One little-known fact about the world of journalism is that news organizations prepare obituaries of famous people while those people are still alive, so that packages of material will be ready to go when a death is announced.

Over the past week, journalists have been writing articles that have the quality of these sorts of pre-obituaries — only the event they’re anticipating isn’t the last breath of an individual but the defeat of President Obama’s re-election bid.

Even more striking, these journalists aren’t conservatives indulging in their deepest wish, but rather liberals who admire Obama and want to see him win a second term.

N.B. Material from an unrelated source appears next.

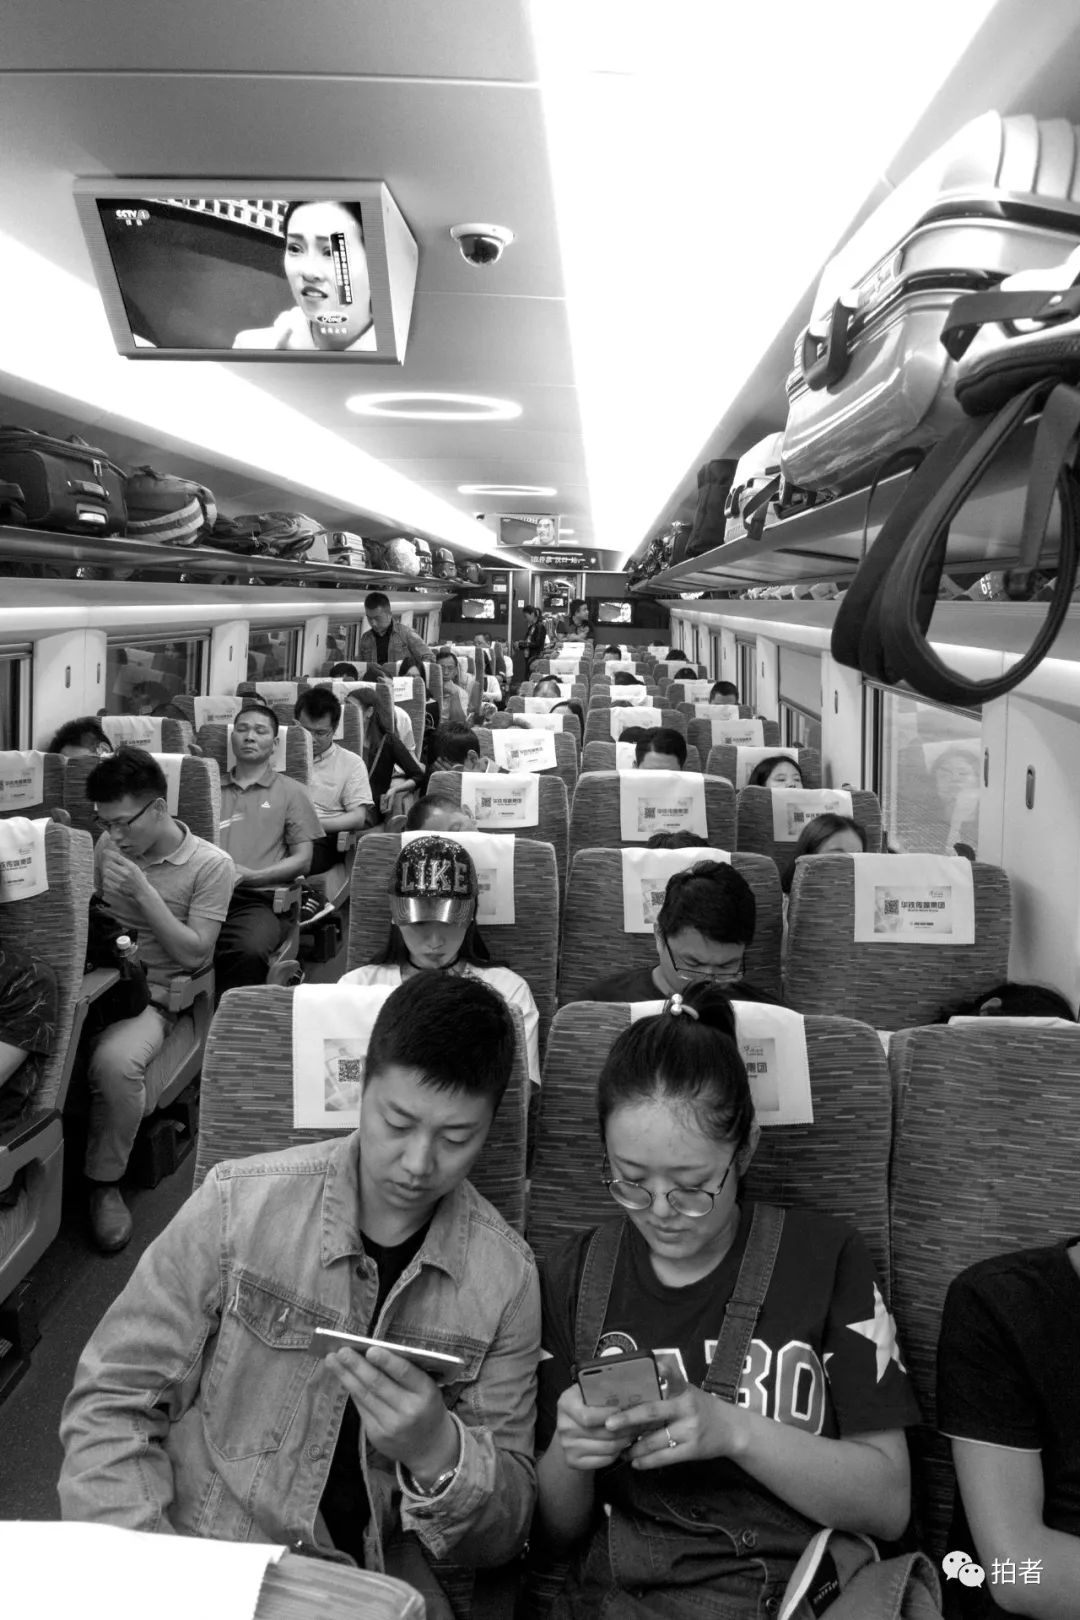 印度火车上的奇葩事：行李架上睡人、两个人买了同一个座位

Al Hunt, who was for decades the voice of liberal conventional wisdom as the Washington bureau chief of The Wall Street Journal, declared yesterday in his Bloomberg column that Obama “needs an intervention.”

Channeling the view of a dozen unnamed leading Democrats, Hunt said “the central challenge” is for Obama to craft “a compelling narrative from the president and campaign, which [these Democratic sages] describe as unusually insular and arrogant.”

The Obama people won’t listen, he complained: “Any outreach by Obama’s Chicago acolytes to hear out these arguments is limited and superficial. A longtime Democratic strategist predicts defeat unless there is some boldness.”

E.J. Dionne — perhaps Obama’s most devoted op-ed-writing fan — reported that campaign honcho David Axelrod was finding it necessary to buck up the staff because it has become clear their guy may lose. “Obama,” Dionne lamented, “is not blessed with the opportunity to be simple.”

Romney, you see, can be simple because he can say Obama’s policies haven’t worked. What a gyp!

Obama, Dionne continued, “has to show that he knows things are bad for a lot of people but also insist that his policies made things a whole lot better than they would have been. He has to argue that the Republicans are blocking his proposals to improve the economy, but he doesn’t want to look like a politician inventing an alibi.”

All of the president’s good work — which, in the view of these writers, includes the stimulus and ObamaCare — is simply too difficult to defend in the face of the “easy” Romney attacks.

This behavior should be familiar to anyone familiar with the behavior of political journalists from time immemorial — and it should worry Obama supporters.